There’s a series of questions I’ve struggled with for as long as I can remember. The questions have to do with design systems work: Where should we document things? Do we make a separate app? Do we use a third-party tool to document our components? How should that tie into Figma or Sketch? What about written documentation? Should we invest a lot of time into making a giant Polaris-like wiki of how to build things?

The issue with all these tools and links and repositories is that it can become increasingly difficult to remember where to go for what kind of information. Designers should go here and engineers should go there — unless, of course, you’re an iOS engineer, then you need this special resource instead. It can be overwhelming and confusing for everyone that doesn’t live within the orbit of design systems drama and is just trying to ship a feature on time.

After years of struggling with these questions, I think my current advice to my past (and current) self is this: meet the people where they are.
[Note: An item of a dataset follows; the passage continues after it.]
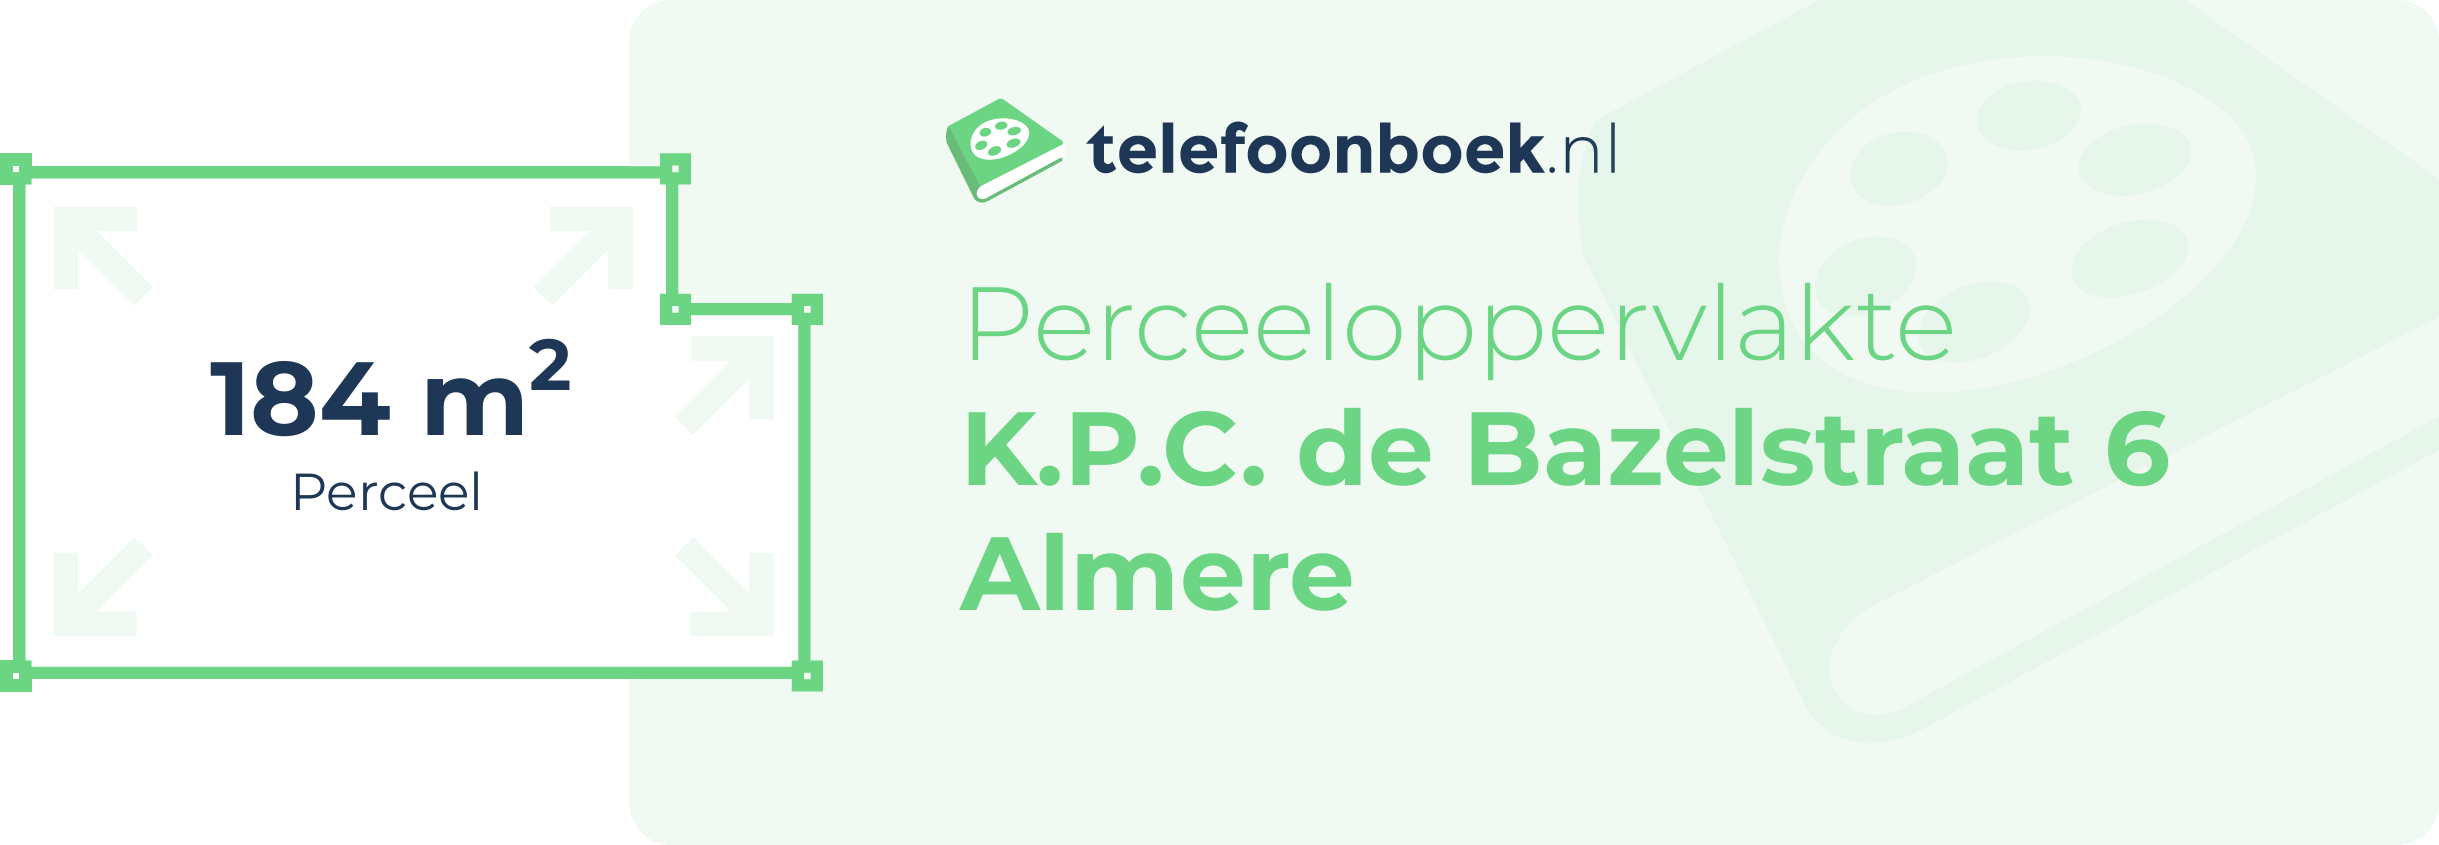 Perceeloppervlakte K.P.C. De Bazelstraat 6 Almere

And where are most people asking questions about design systems, whether that’s a color variable or a component or a design pattern?

In Slack!

The other day I thought it would be neat to set up some Slackbot custom responses to do a rather simple thing. When someone types color me into a channel, I all the color variables and their hex values are pasted. That way, no one needs to learn a new tool or bookmark yet another link.

Here’s how it works.

We first have to open up the settings of the organization you’re in and click the “Customize” item in this dropdown:

That pops open a new tab with the “Customize your Workspace” settings. If you select “Slackbot” from the options, then you can then see all of the custom responses that have been set up already. From there, we can create a new response like this:

That \n is what breaks things onto a new line so that I can now test it out in a chat with myself once I’ve saved this:

Because this takes up so much darn space, I also made separate answers for each color, like blue and purple. But all of this has me wondering: how else can we use Slack — or whatever chat app or communication tool — to extend the cause of good design systems work?

I bet there’s a ton of other things we can do to improve our lives within tools like this and make design systems work even easier.